My question: is this variant DP-complete ?

Thank you for your answers.

Answer 1

[I made it into a proper answer b/c somebody gave it -1]

If any clause is allowed to be added, then the language is empty -- clearly to any satisfiable formula $F$ you can add a 3-clause $c$ made up of variables that do not appear in $F$: $F \cup \{ c \}$ will be satisfiable.

If the added clauses must use variables of $F$, then the language is in P.

Justification is as follows:

Take any $F \in L$, i.e. $F \in SAT$ and for any 3-clause $c$ on variables of $F$, $F \cup \{c\} \in UNSAT$. Say $c = l_1 \lor l_2 \lor l_3 \notin F$, where $l_i$ is a literal. Since $F \cup \{ c \}$ is UNSAT, all models of $F$ must have $l_i=0$ (for $i=1,2,3$) - because if some model had e.g. $l_1=1$, then it would satisfy $c$ and so $F \cup \{c\}$. Now, assume that there exists another clause $c'$ that is exactly like $c$, but with one or more literal flipped and such that $c' \notin F$, say $c' = \neg l_1 \lor l_2 \lor l_3$. Then by the same argument all models of $F$ must have $l_1 = 1$. Thus, the necessary condition for $F \in L$ is that for each clause $c \in F$ there are exactly 6 other clauses in $F$ that use the three variables of $c$ -- lets call these 7-clause subsets of $F$ blocks. Note that each block implies a unique satisfying assignment to its variables. When this necessary condition is satisfied, $F$ is either uniquely satisfiable or unsatisfiable. The two cases can be distinguished by testing whether the assignments implied by the blocks of $F$ clash, which can clearly be done in linear time.

Answer 2

May I propose an answer to my own question thanks to your comments : the variant of Critical SAT is in P.

Let us call "Problem 1" the variant of Critical SAT : Given a 3-CNF expression $F$, is it true that $F$ is satisfiable but adding any clause out of $F$ makes it unsatisfiable?

And "Problem 2" : Given a 3-CNF expression $F$ , is it true that $F$ contains all the clauses it implies and has a unique model ?

Given a 3-CNF formula, $F$ .

If $F$ is a yes instance of problem 2, then any clause out of $F$ is not implied by $F$ and then covers the only one possible satisfying assignment for $F$ . Adding such a clause to $F$ makes it unsastifiable. $F$ is consequently a yes instance of problem 1.

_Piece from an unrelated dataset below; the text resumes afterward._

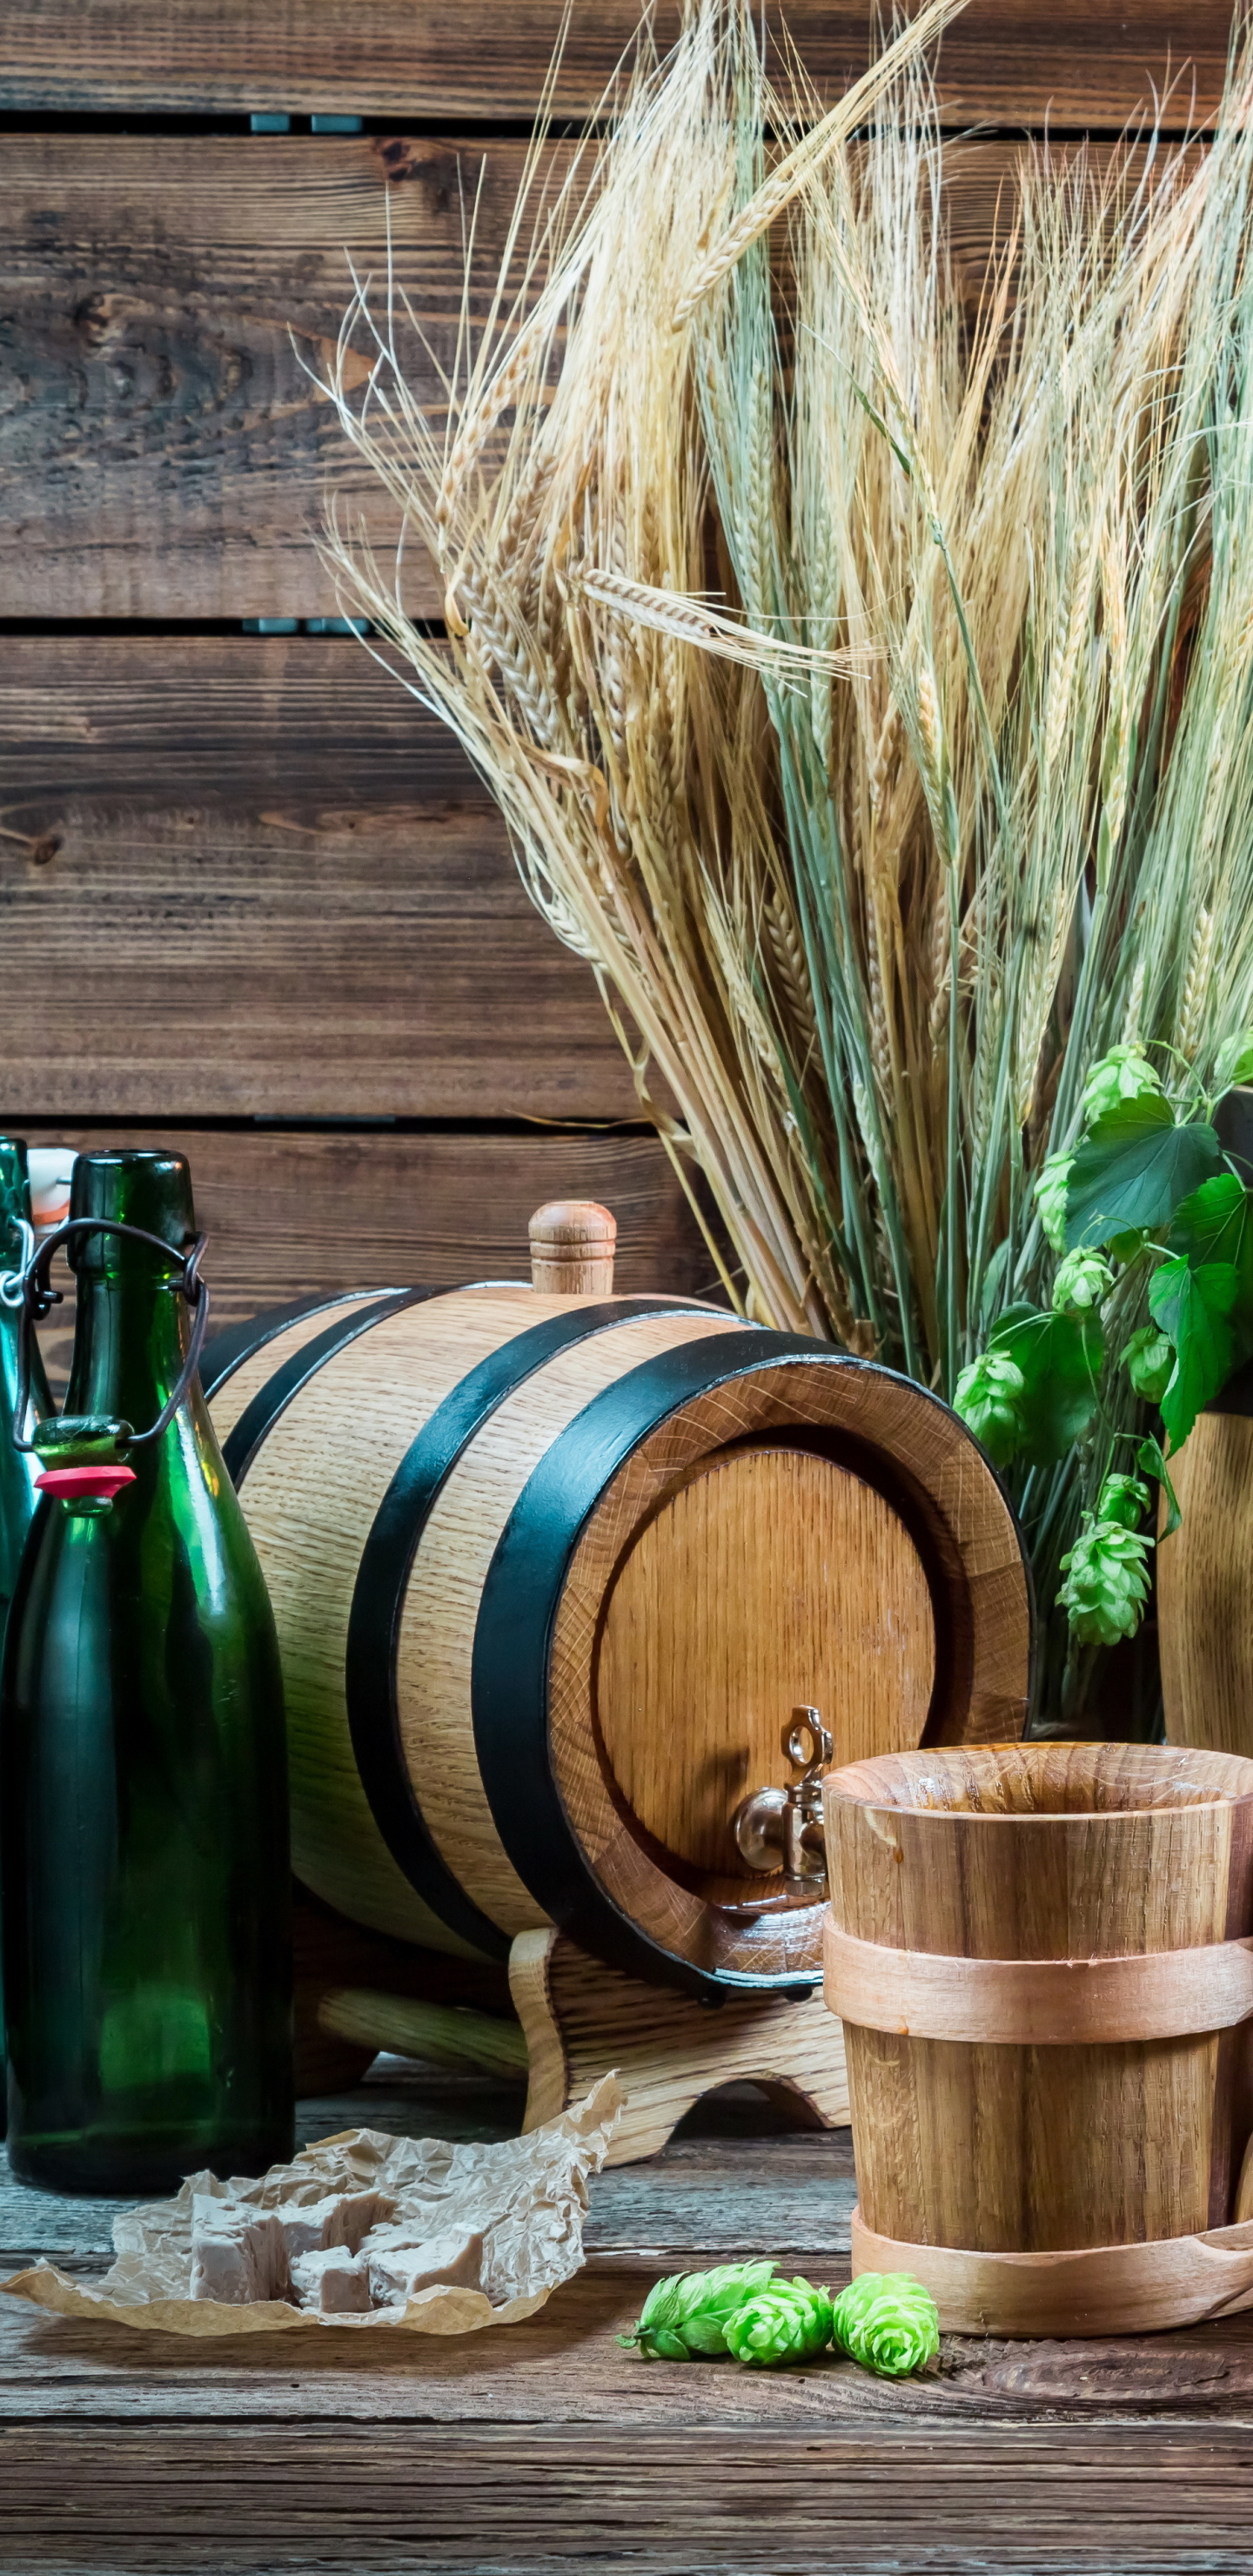 photography, still life, barrel, wheat, beer, alcohol, bottle

If $F$ is a no instance of problem 2, then : Case 1 : it exists a clause out of $F$ which is implied by $F$ . Then adding this clause to $F$ doesn't change its satisfiability. $F$ is consequently a no instance of problem 1. Case 2 : $F$ contains all the clauses it implies but is unsatisfiabe. $F$ is consequently a no instance of problem 1. Case 3 : $F$ contains all the clauses it implies but has at least 2 different models. As Kaveh's comment underlines it, « assume that the models differ on variable p, then adding a clause containing it will not change satisfiability. » $F$ is consequently a no instance of problem 1.

Then, $F$ is a yes instance of problem 1 iff $F$ is a yes instance of problem 2.

Problem 2 is clearly a P problem (for instance, $F$ is a yes instance of problem 2 iff there are exactly $\binom{n}{3}$ = $\frac{n(n-1)(n-2)}{3}$ clauses out of F with no opposite litterals in any two of them – $n$ is the number of variables). So is Problem 1.